As AT&T syntax is commonly seen to be much less readable (by humans!), we will only be using Intel syntax in this workshop.
GAS (the GNU assembler) and objdump and other GNU tools use AT&T-syntax assembly, although you can usually set a command-line option to use Intel syntax instead.
Examples
Comments
NOP ; The NOP instruction does nothing.
Adding 1 to the value stored in edx
INC edx
Performing 1024 * 5 and storing the result in eax
Division and multiplication are special in x86 (for historic reasons) and they always use EAX
as the destination operand. This means that they use EAX
as an automatic first argument
and the result will be stored in EAX
. The EDX
register will also be modified.
MOV eax, 1024
MOV ebx, 5
MUL ebx
Performing 1024 / 5 and storing the result in eax
See the previous example for details on how division works.
The EDX
register will contain the remainder.
MOV eax, 1024
MOV ebx, 5
DIV ebx
Zeroing the 3rd byte in edi
MOV eax, 255
SHL eax, 16
NOT eax
AND edi, eax
Loading the value at address 0x7C00
into eax
MOV eax, dword [0x7C00]
Exercises
To complete these exercises you should use an assembler.
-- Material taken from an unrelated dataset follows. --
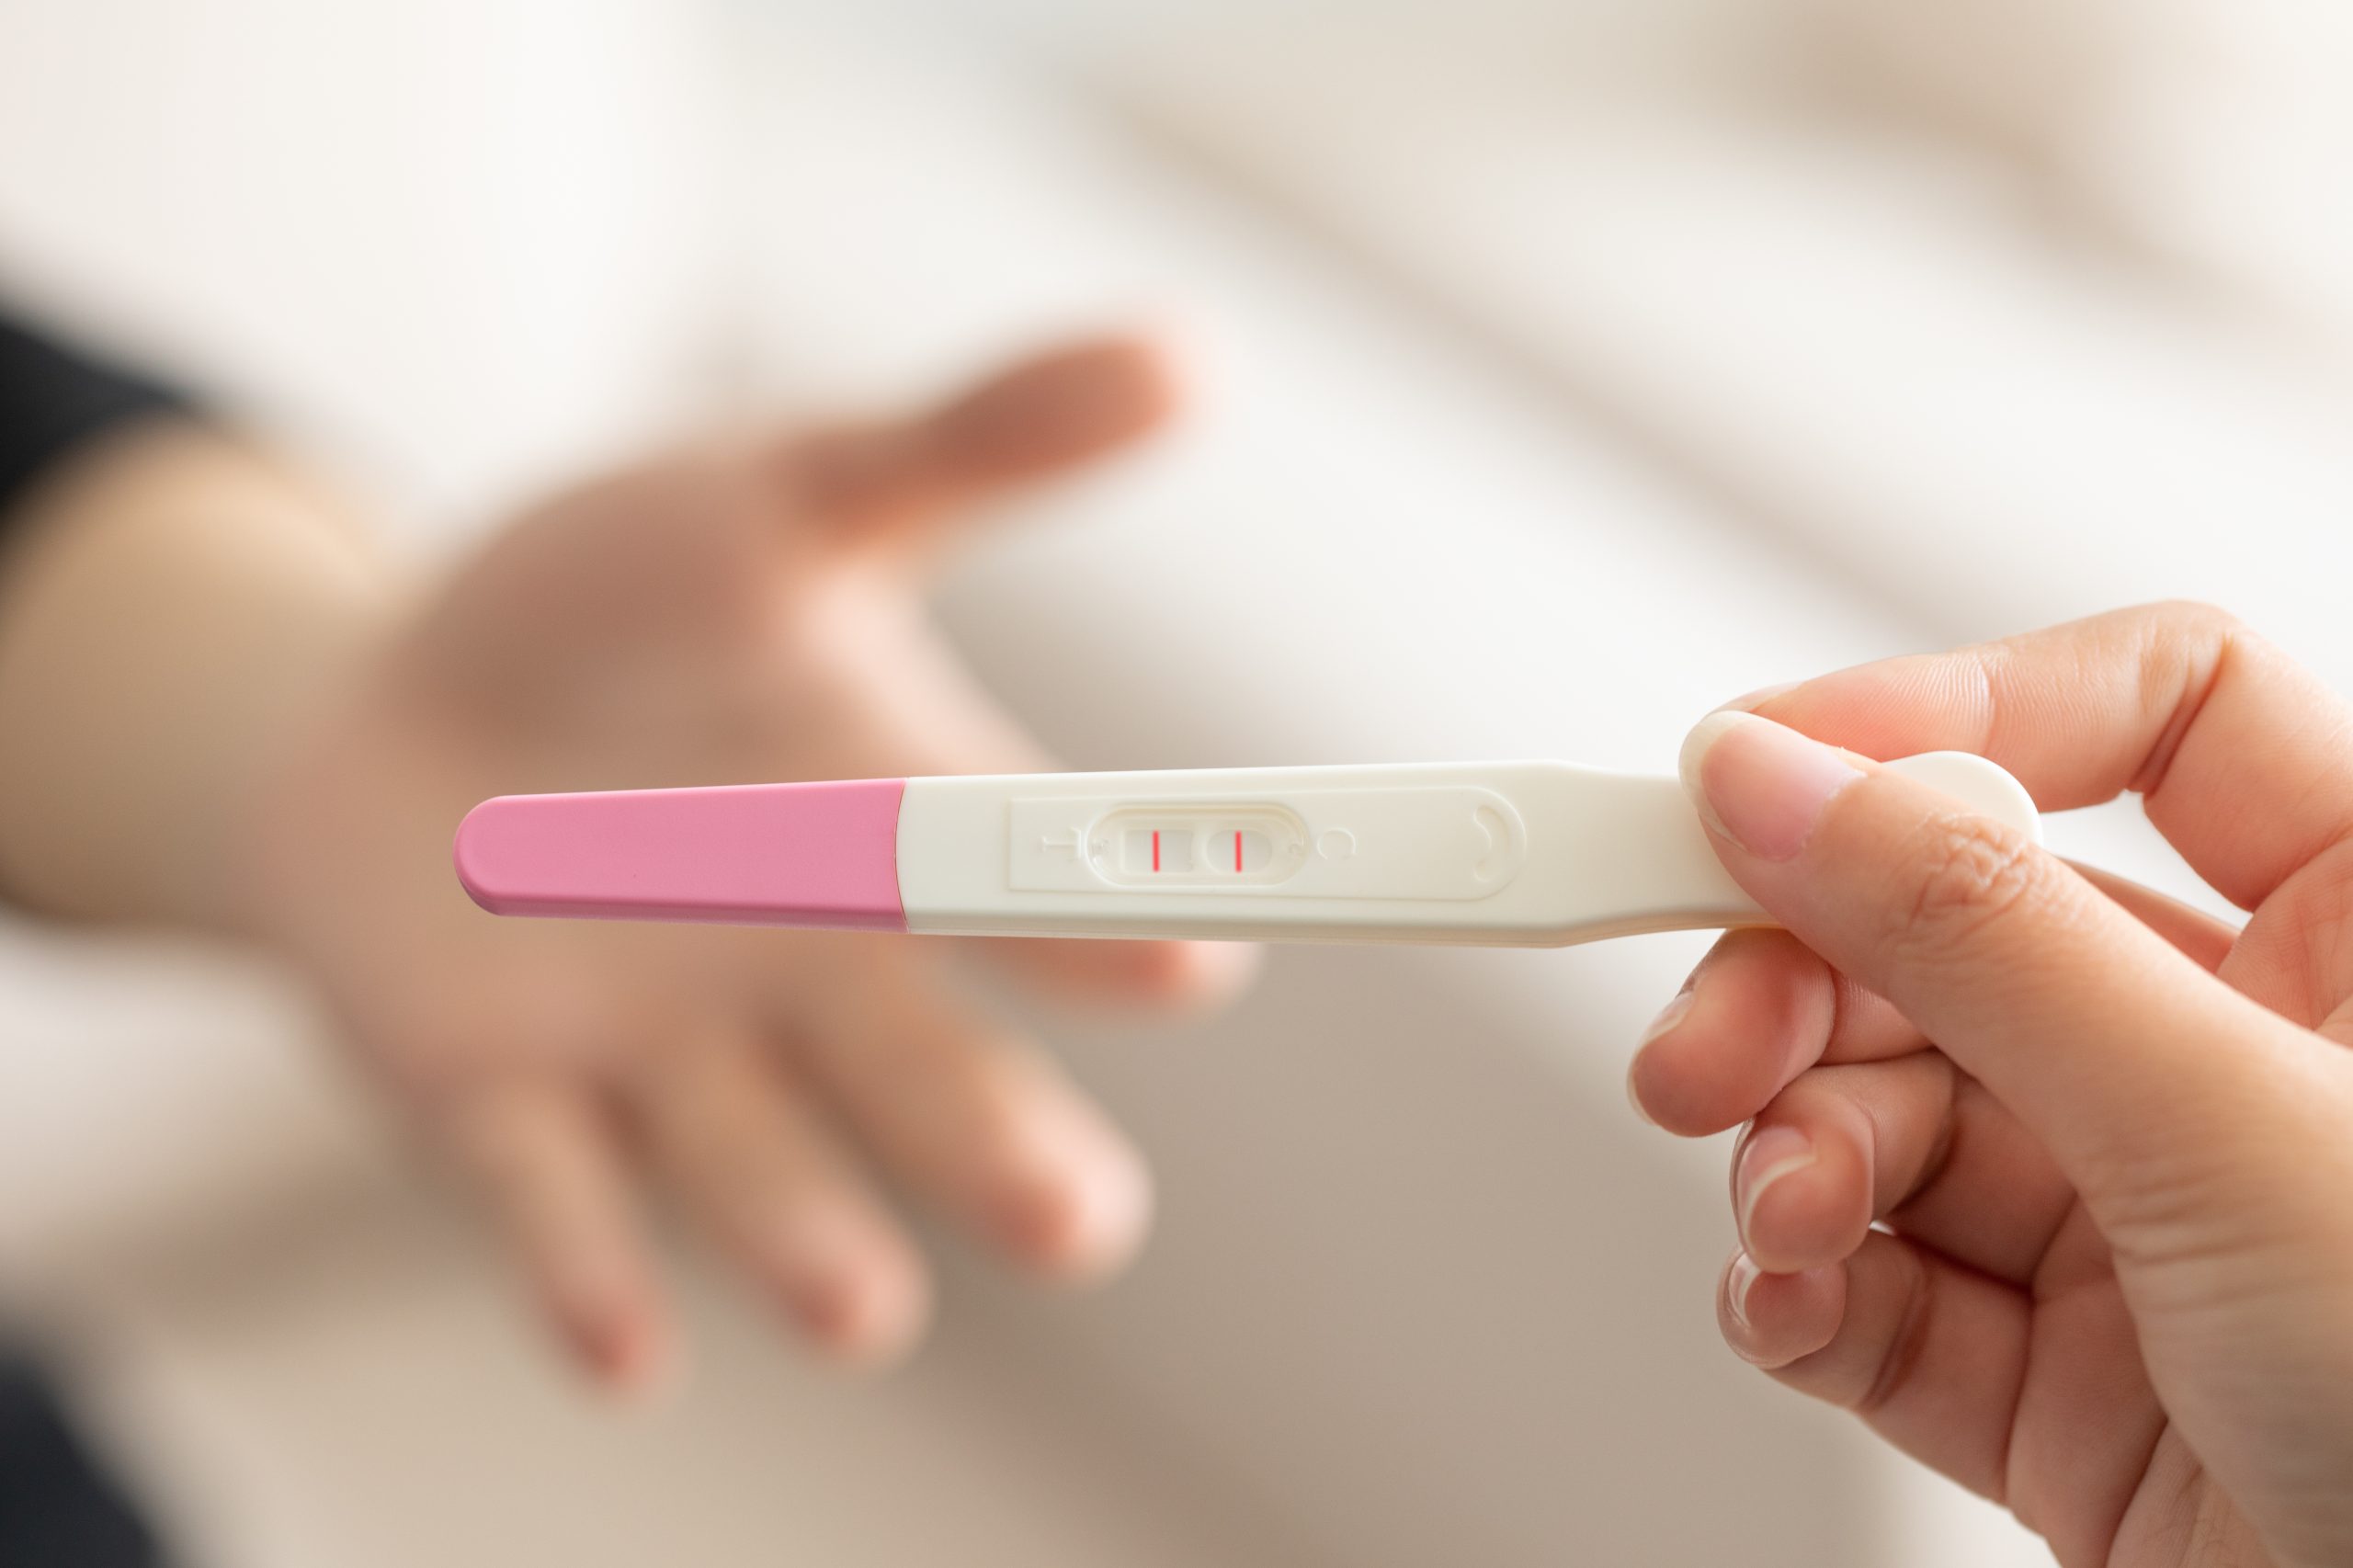 Тест на беременность в руках у девушки. Тест на беременность. Тест для беременных. Женская рука с тестом на беременность. Положительный тест на беременность.

In this workshop, we’re using nasm
. To get started, clone this repo. For each exercise create a new file ending with .asm
.
- Run
bash
- Clone the exercise repository (
git clone https://github.com/jsren/os-workshop-ex1
) cd
into the os-workshop-ex1 directory- Create a new file for your code
- Write your code
- If you wish to print a number, make sure the value is in
EAX
and add the instructioncall print_number
- If you wish to print a string, make sure the address of the string is in
EAX
and the length of the string is inEBX
and add the instructioncall print_string
- Run
nasm -p utils.asm -f elf <your filename> -o <output>
Example
number.asm
mov eax, 3
call print_number
string.asm
my_string: db "Hello World"
mov eax, my_string
mov ebx, 11
call print_number
Assembling and running
$ nasm -p utils.asm number.asm -o number
$ ./number
3
$
Exercise 1
Write assembly to add two numbers together.